James Clark proposes another way to look at this:

Validity should be treated not as a property of a document but as a relationship between a document and a schema.

From a security perspective the validation relationship is between document and the allowed characters (white list – strongest) or disallowed characters ( black list – weaker).

So which should it be, semantic or syntactic?

Gunnar continues:

The lists will evolve independently as either the app evolves (in the case of white list) by adding different types/values or as attacks evolve (black list) "hey we blocked "\r" and "\n" but never thought about "\n\r"."

Ah, mere lists of characters aren’t enough. Already you have to go to ordered strings of characters, which is starting to build towards semantics.

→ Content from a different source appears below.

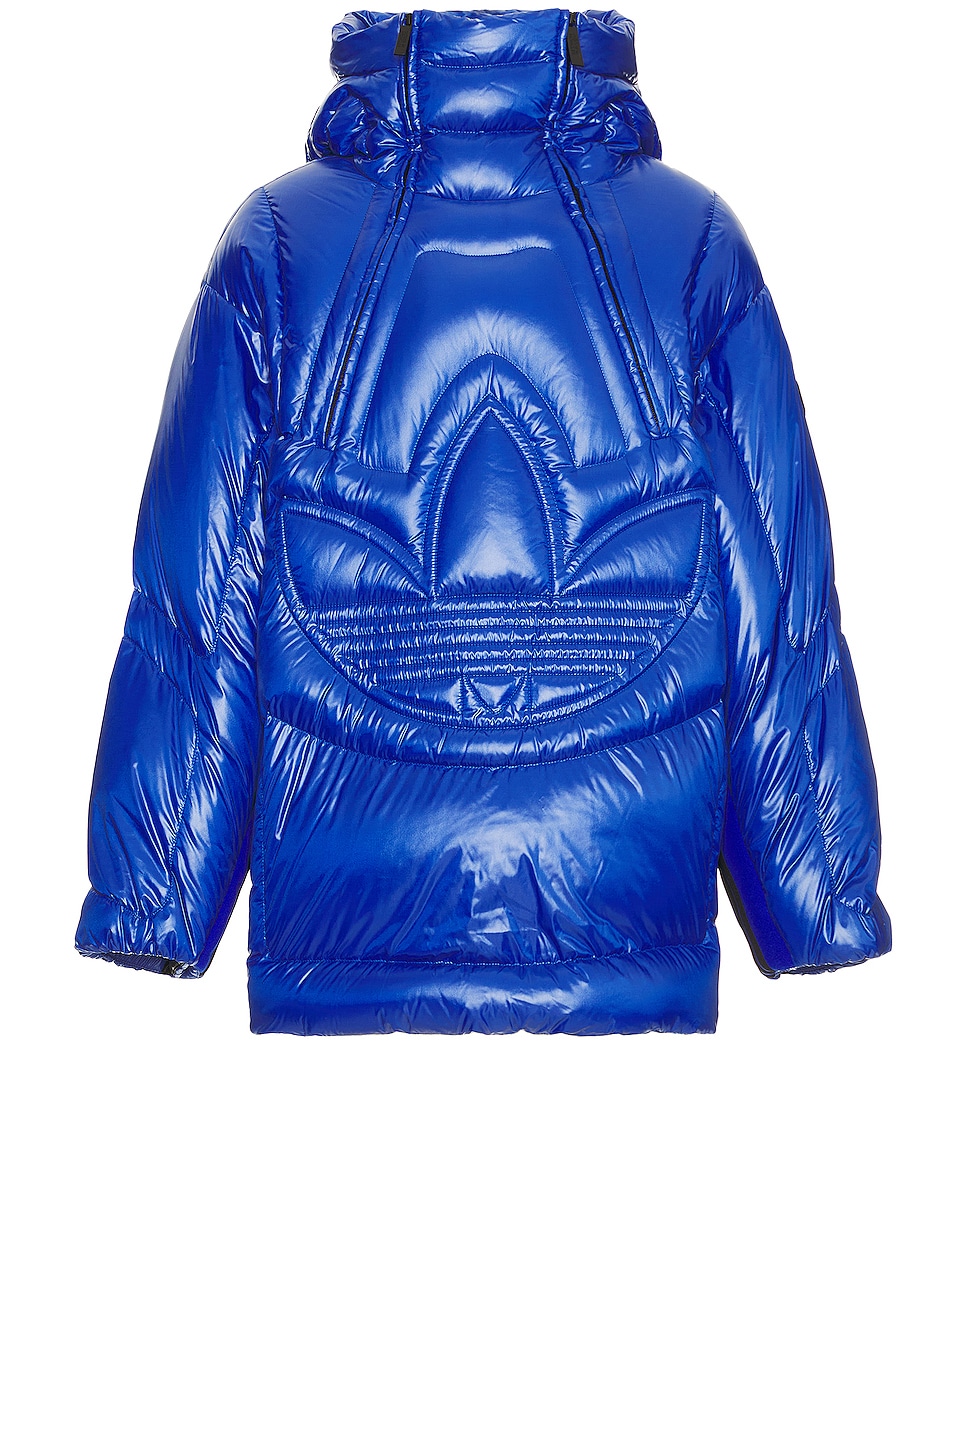 Image 1 of Moncler Genius x Adidas Chambery Jacket in Blue
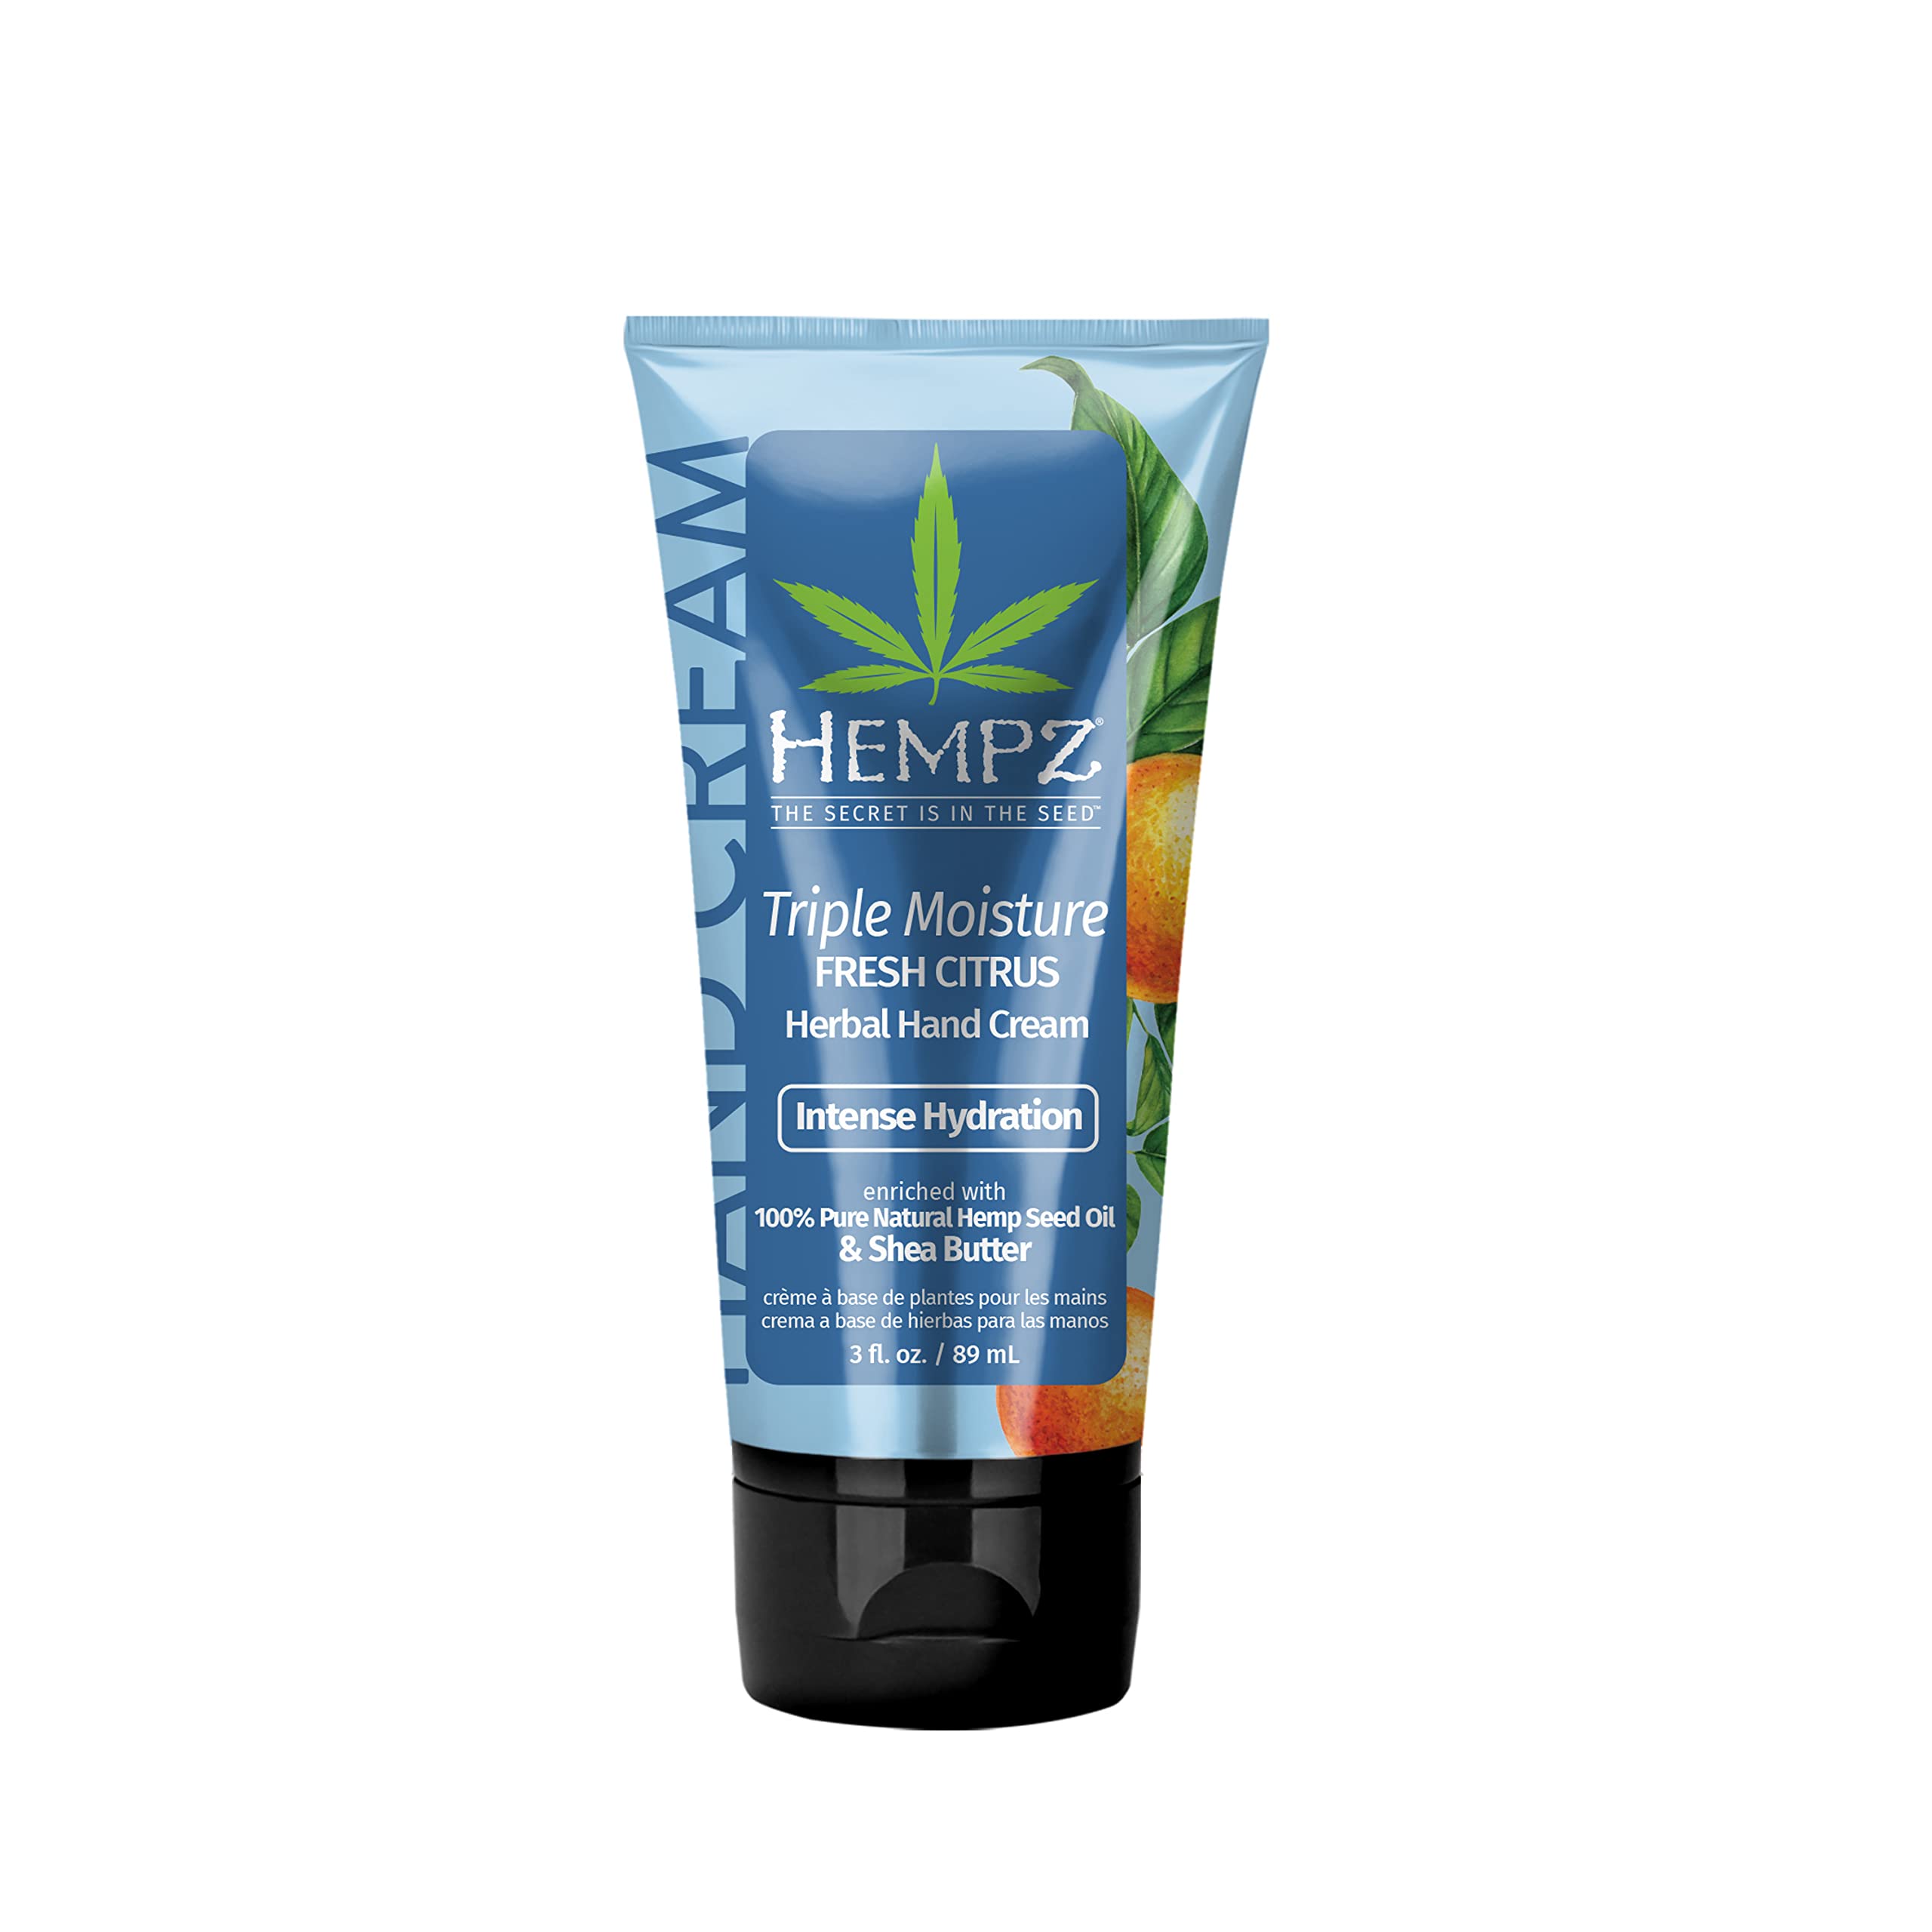 Hempz Daily Moisturizing Triple Moisture Fresh Citrus Hand Cream for Dry, Cracked Hands (3 Oz) – Non-Greasy Crème for Women or Men with Dry or Sensitive Skin

It’s not enough to prohibit seven dirty words or whatever the validation equivalent is to keep out "SQL injection, LDAP injection, XPath injection, and so on." You have to deal with semantics, as well.

Gunnar also says:

On the web all input is guilty until proven innocent; validation is the proof.

Well, good luck, given that some cracker may think of something you didn’t, and for that matter whole new languages may crop up for crackers to exploit that you didn’t know about when you wrote your validation algorithm.

When validation fails, risk management needs to be ready.

-jsq